[TASK ITEM]
Return, exactly and in full, the lines of the records below starting at the one with "Snow blower removes" and ending at the one with "Unusual Pair of", and no other lines.

[SOURCE DATA]
┄┄┄┄┄┄┄┄┄┄

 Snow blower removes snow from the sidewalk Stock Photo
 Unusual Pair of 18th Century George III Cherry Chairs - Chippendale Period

┄┄┄┄┄┄┄┄┄┄

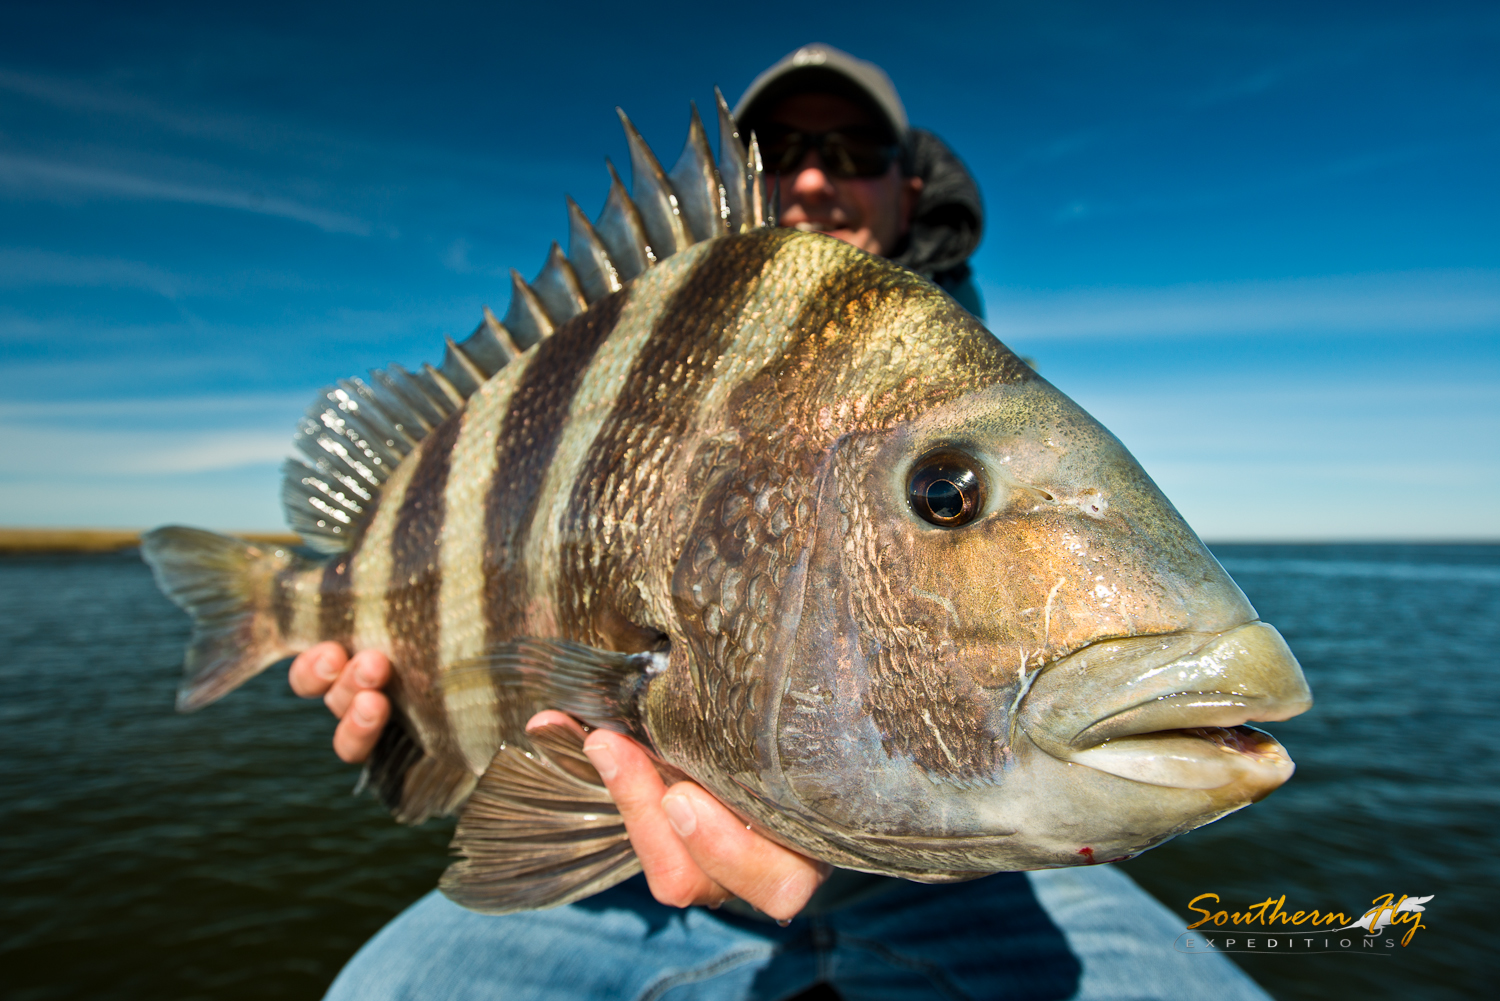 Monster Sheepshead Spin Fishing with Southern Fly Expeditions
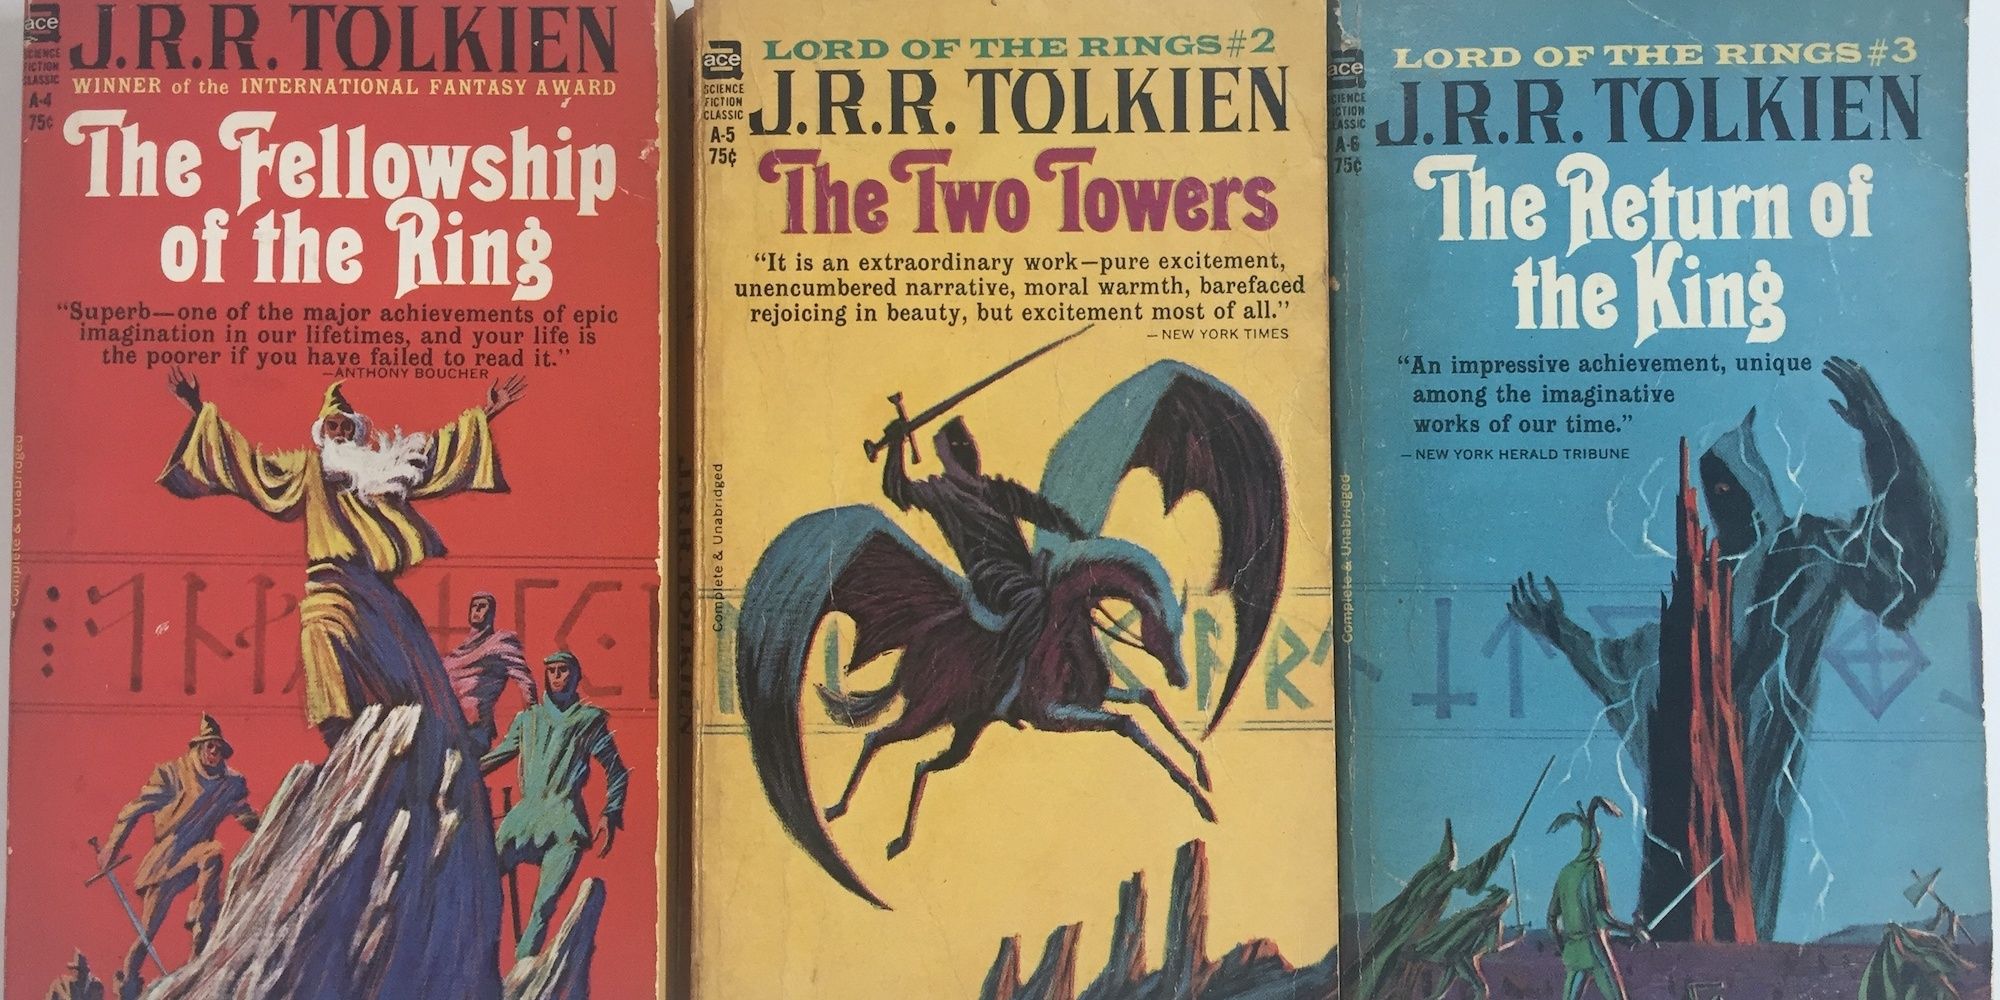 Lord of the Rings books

┄┄┄┄┄┄┄┄┄┄

[EXERCISE RESPONSE]
 Snow blower removes snow from the sidewalk Stock Photo
 Unusual Pair of 18th Century George III Cherry Chairs - Chippendale Period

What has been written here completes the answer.